**Material for this exercise**
::::
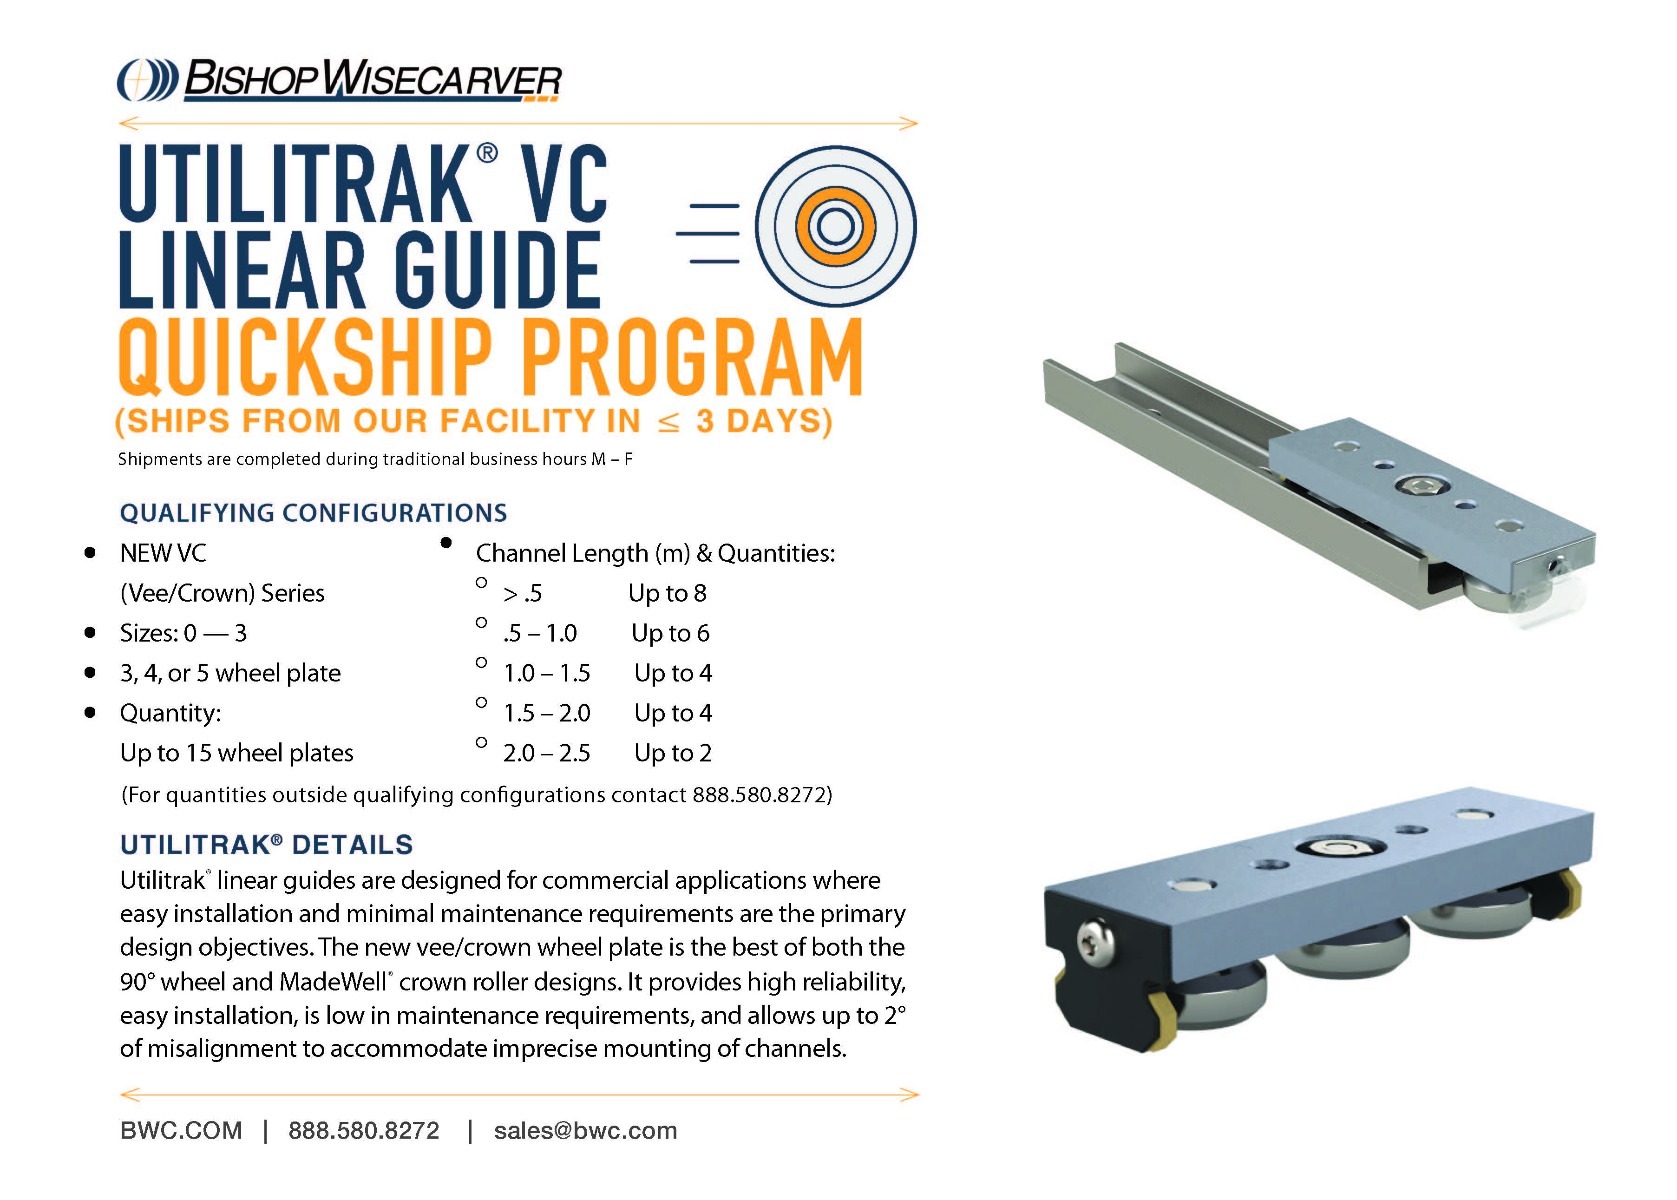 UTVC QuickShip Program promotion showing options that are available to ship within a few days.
::::
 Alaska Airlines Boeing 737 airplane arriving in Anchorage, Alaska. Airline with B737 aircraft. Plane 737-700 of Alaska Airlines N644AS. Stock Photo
::::
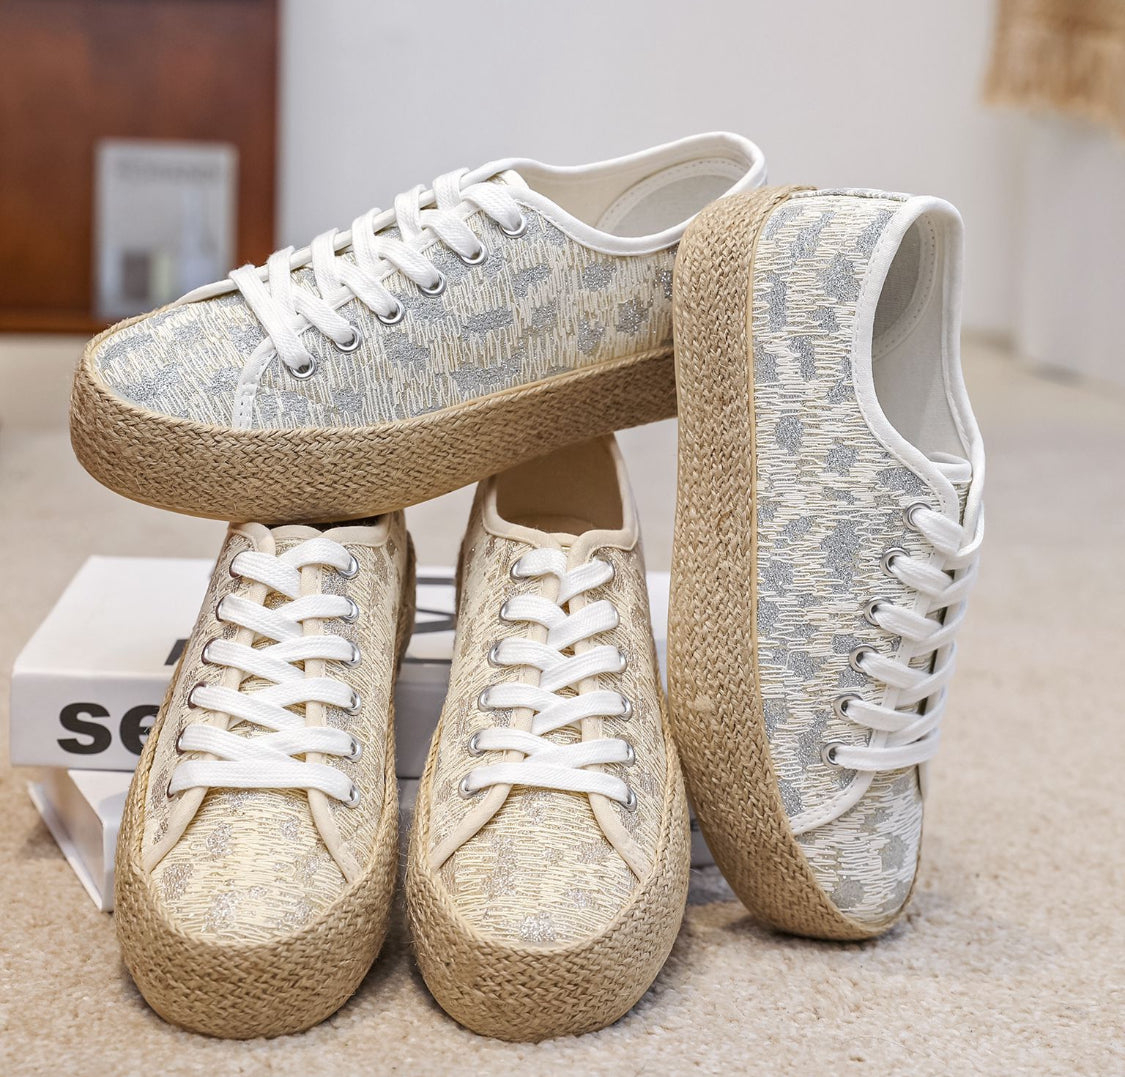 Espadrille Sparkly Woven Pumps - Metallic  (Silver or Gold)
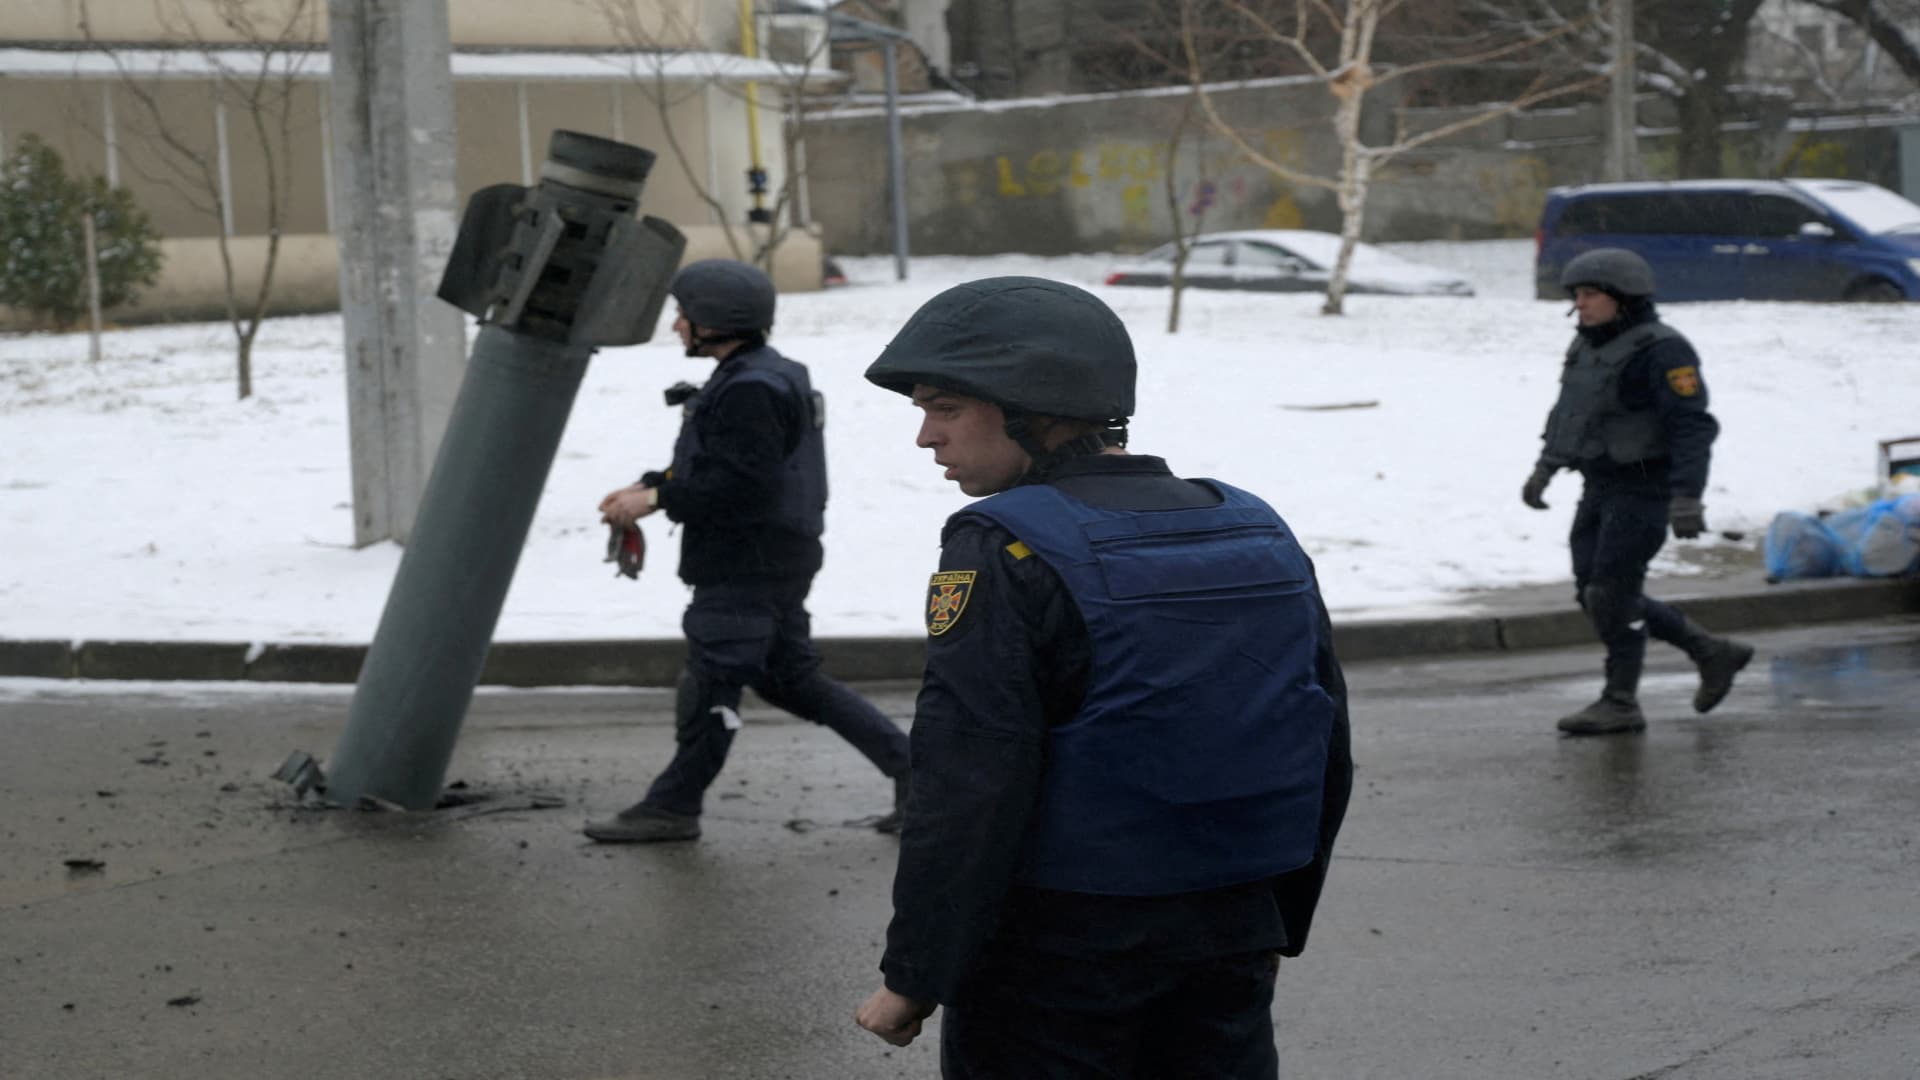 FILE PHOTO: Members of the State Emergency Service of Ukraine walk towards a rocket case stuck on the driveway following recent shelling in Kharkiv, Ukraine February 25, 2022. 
::::
**Action item**
Copy out the lines above from the line containing "Espadrille Sparkly Woven" through the line containing "FILE PHOTO: Members", exactly, and keep the pictures out.

**Answer below**
 Espadrille Sparkly Woven Pumps - Metallic  (Silver or Gold)
 FILE PHOTO: Members of the State Emergency Service of Ukraine walk towards a rocket case stuck on the driveway following recent shelling in Kharkiv, Ukraine February 25, 2022. 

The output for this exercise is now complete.